I was thinking I'll try to set one up after this winter blows over... maybe in mid February.  Right now it's just tooooo cold.... staying in the low 60's... freeeeezing....


----------



## clarinetJWD (Nov 20, 2005)

LittleMan said:
			
		

> I was thinking I'll try to set one up after this winter blows over... maybe in mid February.  Right now it's just tooooo cold.... staying in the low 60's... freeeeezing....



If we had a meetup in early January, I'd be home, and I'm sure I could drag SpiralOut along too...


----------



## thebeginning (Nov 20, 2005)

that would be great, as long as it didnt conflict with too many of my assignments and such.  but yes, scott would definitely have to come!


----------



## jocose (Nov 20, 2005)

Here's my attempt to compete with the arty pics of ClarinetJWD and JonMikal.

For some reason, all of my pictures turned out very grainy. I'm sure that it was something in my settings. Oh, well.

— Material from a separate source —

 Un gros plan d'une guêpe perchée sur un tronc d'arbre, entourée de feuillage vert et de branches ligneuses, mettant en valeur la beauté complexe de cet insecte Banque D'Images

I just hope y'all see these the way I do on my computer at home


----------



## JonMikal (Nov 20, 2005)

i remember the child...very cute
i don't particularly care for the way the protester was exploiting the old woman
excellent gallery shots
the starbucks guy turned out pretty neat :thumbup:

edit: the escalator :hail:


----------



## clarinetJWD (Nov 20, 2005)

JonMikal said:
			
		

> edit: the escalator :hail:



You win.

Oh, and the mailboxes turned out great!


----------



## M @ k o (Nov 21, 2005)

I had fun viewing these. Thx for the laughs JM. :thumbup:


----------



## jocose (Nov 21, 2005)

JonMikal said:
			
		

> i remember the child...very cute
> *i don't particularly care for the way the protester was exploiting the old woman*
> excellent gallery shots
> the starbucks guy turned out pretty neat :thumbup:
> ...


 
I agree with you, but I think that she still made a great subject for the picture (and my awesome PS skills...but I'm not sure I'm going to post the original so no one will ever know).

I think the little boy may just be my favorite picture I've taken.

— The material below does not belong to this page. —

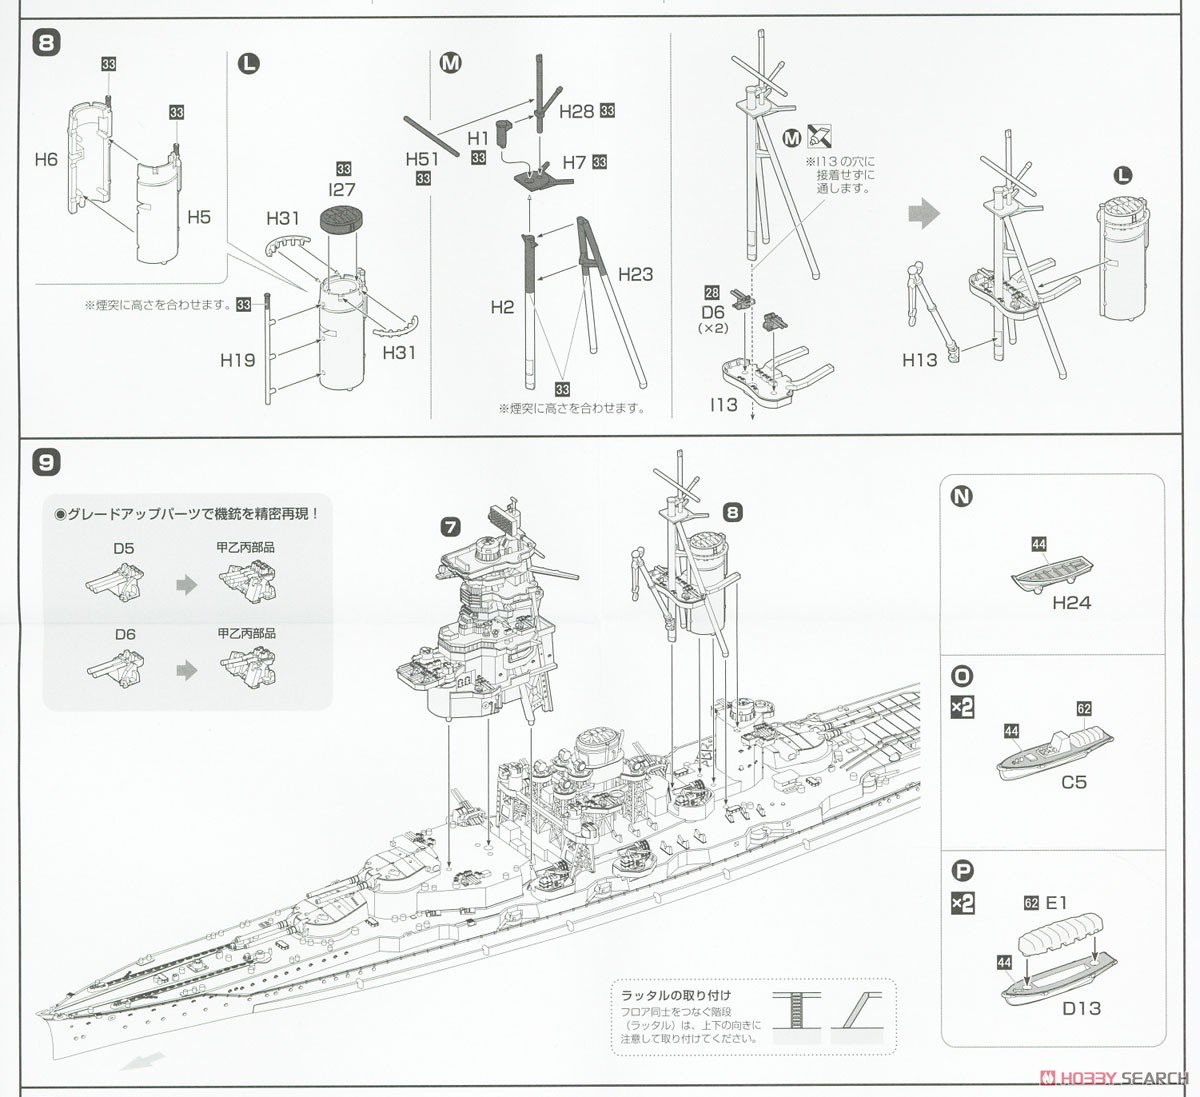 高速戦艦 榛名 フルハルモデル (プラモデル) 設計図5

and yes, my escalator did indeed rock!


----------



## JonMikal (Nov 21, 2005)

jocose said:
			
		

> I agree with you, but I think that she still made a great subject for the picture (and my awesome PS skills...but I'm not sure I'm going to post the original so no one will ever know).
> 
> I think the little boy may just be my favorite picture I've taken.
> 
> *and yes, my escalator did indeed rock*!


 
don't get hurt from patting yourself on the back :lmao: 

she made an excellent subject for a pic :thumbup: 

hey, a little trivia. why do we call you guys at NASA "monkey boys"?


----------



## jocose (Nov 21, 2005)

cuz if we aren't putting dogs in space we are putting monkeys in space?

I don't know.  If you know, tell tell tell.  If you are asking I can find out.


----------



## JonMikal (Nov 21, 2005)

i assume it's because monkeys were used initially to see if space travel was safe for humans. Enos was the first i believe. 

i can change your user name to Enos if you'd like :lmao:  

oh don't mind me today. im just laughing to keep from crying with all the blisters on my feet  i should post one, eh?


----------



## aprilraven (Nov 21, 2005)

these are just killer...all ya'll took great shots... just love the water ones..

jonmikal, dig the long black coat..!!  soooo..     undercover...!!!

sure makes me jealous....would love to meet all ya'll...... good times!


----------



## jocose (Nov 21, 2005)

JonMikal,

Yes, I'm anal enough that I checked with our History Office, but alas, they had never heard the expression.  I think that we are right that it goes back to the monkeys we sent up before people (and a colleague in my office says that it probably also was derogatory within the military (as NASA was originally a military thang).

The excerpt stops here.